◆ INSTRUCTIONS TO FOLLOW
Every record has to be written out exactly, with no line missing.

RECORDS SHOWN START

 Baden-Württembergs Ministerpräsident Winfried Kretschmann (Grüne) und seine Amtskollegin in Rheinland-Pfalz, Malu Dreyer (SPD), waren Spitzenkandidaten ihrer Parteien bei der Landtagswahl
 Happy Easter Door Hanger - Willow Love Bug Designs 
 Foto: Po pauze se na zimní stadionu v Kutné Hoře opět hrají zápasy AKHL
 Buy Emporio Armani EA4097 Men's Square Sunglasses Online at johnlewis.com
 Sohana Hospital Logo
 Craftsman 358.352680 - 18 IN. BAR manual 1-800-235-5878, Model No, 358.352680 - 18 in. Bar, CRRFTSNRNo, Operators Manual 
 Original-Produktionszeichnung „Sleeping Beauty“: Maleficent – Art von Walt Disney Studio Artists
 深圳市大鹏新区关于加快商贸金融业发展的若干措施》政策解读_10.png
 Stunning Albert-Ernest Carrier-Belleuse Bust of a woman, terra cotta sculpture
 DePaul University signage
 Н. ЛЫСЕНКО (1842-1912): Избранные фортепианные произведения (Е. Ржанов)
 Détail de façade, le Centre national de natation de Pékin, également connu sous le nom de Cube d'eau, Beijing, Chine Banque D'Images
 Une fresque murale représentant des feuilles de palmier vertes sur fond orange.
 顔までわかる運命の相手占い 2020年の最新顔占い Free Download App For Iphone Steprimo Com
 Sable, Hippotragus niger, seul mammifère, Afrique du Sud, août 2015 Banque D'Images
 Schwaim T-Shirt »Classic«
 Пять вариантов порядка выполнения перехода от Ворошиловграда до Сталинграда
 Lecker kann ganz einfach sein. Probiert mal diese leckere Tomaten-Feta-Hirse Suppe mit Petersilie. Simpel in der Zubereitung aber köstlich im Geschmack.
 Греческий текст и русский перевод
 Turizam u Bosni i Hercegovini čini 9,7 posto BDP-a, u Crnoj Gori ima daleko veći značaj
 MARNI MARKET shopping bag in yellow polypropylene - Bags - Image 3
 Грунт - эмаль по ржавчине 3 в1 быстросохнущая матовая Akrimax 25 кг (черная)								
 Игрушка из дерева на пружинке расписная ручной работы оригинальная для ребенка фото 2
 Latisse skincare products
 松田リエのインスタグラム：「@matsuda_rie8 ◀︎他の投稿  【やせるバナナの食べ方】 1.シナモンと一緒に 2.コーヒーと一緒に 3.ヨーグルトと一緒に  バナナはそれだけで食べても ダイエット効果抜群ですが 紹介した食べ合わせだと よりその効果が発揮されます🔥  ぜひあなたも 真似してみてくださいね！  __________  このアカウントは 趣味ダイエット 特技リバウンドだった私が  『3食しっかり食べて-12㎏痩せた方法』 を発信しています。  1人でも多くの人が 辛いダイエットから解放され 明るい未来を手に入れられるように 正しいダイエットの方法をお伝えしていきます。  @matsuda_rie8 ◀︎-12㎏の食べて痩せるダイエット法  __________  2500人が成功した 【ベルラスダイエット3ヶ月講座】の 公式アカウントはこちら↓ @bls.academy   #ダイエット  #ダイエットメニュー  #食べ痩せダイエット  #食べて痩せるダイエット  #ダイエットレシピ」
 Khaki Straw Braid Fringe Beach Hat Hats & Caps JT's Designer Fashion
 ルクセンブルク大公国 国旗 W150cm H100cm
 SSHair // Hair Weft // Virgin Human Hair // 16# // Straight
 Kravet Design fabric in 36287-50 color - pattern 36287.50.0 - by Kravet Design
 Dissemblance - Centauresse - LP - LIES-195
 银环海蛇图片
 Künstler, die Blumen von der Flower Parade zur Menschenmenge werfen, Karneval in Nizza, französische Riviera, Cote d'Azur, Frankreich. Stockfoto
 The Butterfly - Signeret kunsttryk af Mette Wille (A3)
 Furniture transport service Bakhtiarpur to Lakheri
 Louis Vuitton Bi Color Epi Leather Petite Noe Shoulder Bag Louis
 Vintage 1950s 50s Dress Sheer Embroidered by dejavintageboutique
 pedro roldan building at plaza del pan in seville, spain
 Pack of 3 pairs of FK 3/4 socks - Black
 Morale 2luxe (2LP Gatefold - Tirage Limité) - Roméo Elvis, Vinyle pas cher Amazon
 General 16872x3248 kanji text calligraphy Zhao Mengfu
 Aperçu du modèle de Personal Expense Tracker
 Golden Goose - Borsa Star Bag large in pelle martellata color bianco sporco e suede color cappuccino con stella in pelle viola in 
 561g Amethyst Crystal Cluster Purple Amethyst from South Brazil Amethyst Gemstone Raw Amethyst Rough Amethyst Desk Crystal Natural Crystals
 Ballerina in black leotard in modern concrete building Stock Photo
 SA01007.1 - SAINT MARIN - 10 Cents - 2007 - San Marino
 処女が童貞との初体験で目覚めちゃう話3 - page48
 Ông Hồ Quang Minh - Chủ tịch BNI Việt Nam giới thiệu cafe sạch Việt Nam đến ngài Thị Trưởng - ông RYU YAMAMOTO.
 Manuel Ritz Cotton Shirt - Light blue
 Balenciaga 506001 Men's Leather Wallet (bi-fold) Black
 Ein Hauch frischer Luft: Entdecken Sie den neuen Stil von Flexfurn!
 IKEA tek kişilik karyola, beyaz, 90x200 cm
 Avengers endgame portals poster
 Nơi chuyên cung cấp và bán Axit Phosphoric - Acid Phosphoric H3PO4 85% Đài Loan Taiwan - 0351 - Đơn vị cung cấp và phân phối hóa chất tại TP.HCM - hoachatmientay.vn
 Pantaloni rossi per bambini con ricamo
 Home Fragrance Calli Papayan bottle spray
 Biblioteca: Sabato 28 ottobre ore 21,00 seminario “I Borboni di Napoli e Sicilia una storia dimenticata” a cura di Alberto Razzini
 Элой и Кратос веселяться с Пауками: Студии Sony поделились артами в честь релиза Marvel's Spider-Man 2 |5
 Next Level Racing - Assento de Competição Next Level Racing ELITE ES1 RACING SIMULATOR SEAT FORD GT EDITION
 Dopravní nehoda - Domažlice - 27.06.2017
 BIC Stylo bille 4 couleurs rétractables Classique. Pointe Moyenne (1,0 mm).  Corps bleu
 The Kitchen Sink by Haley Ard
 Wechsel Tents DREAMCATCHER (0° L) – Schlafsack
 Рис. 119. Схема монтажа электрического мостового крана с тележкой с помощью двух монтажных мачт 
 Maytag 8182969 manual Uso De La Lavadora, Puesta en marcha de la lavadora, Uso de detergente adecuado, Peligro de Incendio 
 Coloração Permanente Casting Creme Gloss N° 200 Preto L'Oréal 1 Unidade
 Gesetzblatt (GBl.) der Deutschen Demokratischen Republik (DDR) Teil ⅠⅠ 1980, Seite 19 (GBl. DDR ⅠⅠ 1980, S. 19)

RECORDS SHOWN END

◆ YOUR RESPONSE
 Baden-Württembergs Ministerpräsident Winfried Kretschmann (Grüne) und seine Amtskollegin in Rheinland-Pfalz, Malu Dreyer (SPD), waren Spitzenkandidaten ihrer Parteien bei der Landtagswahl
 Happy Easter Door Hanger - Willow Love Bug Designs 
 Foto: Po pauze se na zimní stadionu v Kutné Hoře opět hrají zápasy AKHL
 Buy Emporio Armani EA4097 Men's Square Sunglasses Online at johnlewis.com
 Sohana Hospital Logo
 Craftsman 358.352680 - 18 IN. BAR manual 1-800-235-5878, Model No, 358.352680 - 18 in. Bar, CRRFTSNRNo, Operators Manual 
 Original-Produktionszeichnung „Sleeping Beauty“: Maleficent – Art von Walt Disney Studio Artists
 深圳市大鹏新区关于加快商贸金融业发展的若干措施》政策解读_10.png
 Stunning Albert-Ernest Carrier-Belleuse Bust of a woman, terra cotta sculpture
 DePaul University signage
 Н. ЛЫСЕНКО (1842-1912): Избранные фортепианные произведения (Е. Ржанов)
 Détail de façade, le Centre national de natation de Pékin, également connu sous le nom de Cube d'eau, Beijing, Chine Banque D'Images
 Une fresque murale représentant des feuilles de palmier vertes sur fond orange.
 顔までわかる運命の相手占い 2020年の最新顔占い Free Download App For Iphone Steprimo Com
 Sable, Hippotragus niger, seul mammifère, Afrique du Sud, août 2015 Banque D'Images
 Schwaim T-Shirt »Classic«
 Пять вариантов порядка выполнения перехода от Ворошиловграда до Сталинграда
 Lecker kann ganz einfach sein. Probiert mal diese leckere Tomaten-Feta-Hirse Suppe mit Petersilie. Simpel in der Zubereitung aber köstlich im Geschmack.
 Греческий текст и русский перевод
 Turizam u Bosni i Hercegovini čini 9,7 posto BDP-a, u Crnoj Gori ima daleko veći značaj
 MARNI MARKET shopping bag in yellow polypropylene - Bags - Image 3
 Грунт - эмаль по ржавчине 3 в1 быстросохнущая матовая Akrimax 25 кг (черная)								
 Игрушка из дерева на пружинке расписная ручной работы оригинальная для ребенка фото 2
 Latisse skincare products
 松田リエのインスタグラム：「@matsuda_rie8 ◀︎他の投稿  【やせるバナナの食べ方】 1.シナモンと一緒に 2.コーヒーと一緒に 3.ヨーグルトと一緒に  バナナはそれだけで食べても ダイエット効果抜群ですが 紹介した食べ合わせだと よりその効果が発揮されます🔥  ぜひあなたも 真似してみてくださいね！  __________  このアカウントは 趣味ダイエット 特技リバウンドだった私が  『3食しっかり食べて-12㎏痩せた方法』 を発信しています。  1人でも多くの人が 辛いダイエットから解放され 明るい未来を手に入れられるように 正しいダイエットの方法をお伝えしていきます。  @matsuda_rie8 ◀︎-12㎏の食べて痩せるダイエット法  __________  2500人が成功した 【ベルラスダイエット3ヶ月講座】の 公式アカウントはこちら↓ @bls.academy   #ダイエット  #ダイエットメニュー  #食べ痩せダイエット  #食べて痩せるダイエット  #ダイエットレシピ」
 Khaki Straw Braid Fringe Beach Hat Hats & Caps JT's Designer Fashion
 ルクセンブルク大公国 国旗 W150cm H100cm
 SSHair // Hair Weft // Virgin Human Hair // 16# // Straight
 Kravet Design fabric in 36287-50 color - pattern 36287.50.0 - by Kravet Design
 Dissemblance - Centauresse - LP - LIES-195
 银环海蛇图片
 Künstler, die Blumen von der Flower Parade zur Menschenmenge werfen, Karneval in Nizza, französische Riviera, Cote d'Azur, Frankreich. Stockfoto
 The Butterfly - Signeret kunsttryk af Mette Wille (A3)
 Furniture transport service Bakhtiarpur to Lakheri
 Louis Vuitton Bi Color Epi Leather Petite Noe Shoulder Bag Louis
 Vintage 1950s 50s Dress Sheer Embroidered by dejavintageboutique
 pedro roldan building at plaza del pan in seville, spain
 Pack of 3 pairs of FK 3/4 socks - Black
 Morale 2luxe (2LP Gatefold - Tirage Limité) - Roméo Elvis, Vinyle pas cher Amazon
 General 16872x3248 kanji text calligraphy Zhao Mengfu
 Aperçu du modèle de Personal Expense Tracker
 Golden Goose - Borsa Star Bag large in pelle martellata color bianco sporco e suede color cappuccino con stella in pelle viola in 
 561g Amethyst Crystal Cluster Purple Amethyst from South Brazil Amethyst Gemstone Raw Amethyst Rough Amethyst Desk Crystal Natural Crystals
 Ballerina in black leotard in modern concrete building Stock Photo
 SA01007.1 - SAINT MARIN - 10 Cents - 2007 - San Marino
 処女が童貞との初体験で目覚めちゃう話3 - page48
 Ông Hồ Quang Minh - Chủ tịch BNI Việt Nam giới thiệu cafe sạch Việt Nam đến ngài Thị Trưởng - ông RYU YAMAMOTO.
 Manuel Ritz Cotton Shirt - Light blue
 Balenciaga 506001 Men's Leather Wallet (bi-fold) Black
 Ein Hauch frischer Luft: Entdecken Sie den neuen Stil von Flexfurn!
 IKEA tek kişilik karyola, beyaz, 90x200 cm
 Avengers endgame portals poster
 Nơi chuyên cung cấp và bán Axit Phosphoric - Acid Phosphoric H3PO4 85% Đài Loan Taiwan - 0351 - Đơn vị cung cấp và phân phối hóa chất tại TP.HCM - hoachatmientay.vn
 Pantaloni rossi per bambini con ricamo
 Home Fragrance Calli Papayan bottle spray
 Biblioteca: Sabato 28 ottobre ore 21,00 seminario “I Borboni di Napoli e Sicilia una storia dimenticata” a cura di Alberto Razzini
 Элой и Кратос веселяться с Пауками: Студии Sony поделились артами в честь релиза Marvel's Spider-Man 2 |5
 Next Level Racing - Assento de Competição Next Level Racing ELITE ES1 RACING SIMULATOR SEAT FORD GT EDITION
 Dopravní nehoda - Domažlice - 27.06.2017
 BIC Stylo bille 4 couleurs rétractables Classique. Pointe Moyenne (1,0 mm).  Corps bleu
 The Kitchen Sink by Haley Ard
 Wechsel Tents DREAMCATCHER (0° L) – Schlafsack
 Рис. 119. Схема монтажа электрического мостового крана с тележкой с помощью двух монтажных мачт 
 Maytag 8182969 manual Uso De La Lavadora, Puesta en marcha de la lavadora, Uso de detergente adecuado, Peligro de Incendio 
 Coloração Permanente Casting Creme Gloss N° 200 Preto L'Oréal 1 Unidade
 Gesetzblatt (GBl.) der Deutschen Demokratischen Republik (DDR) Teil ⅠⅠ 1980, Seite 19 (GBl. DDR ⅠⅠ 1980, S. 19)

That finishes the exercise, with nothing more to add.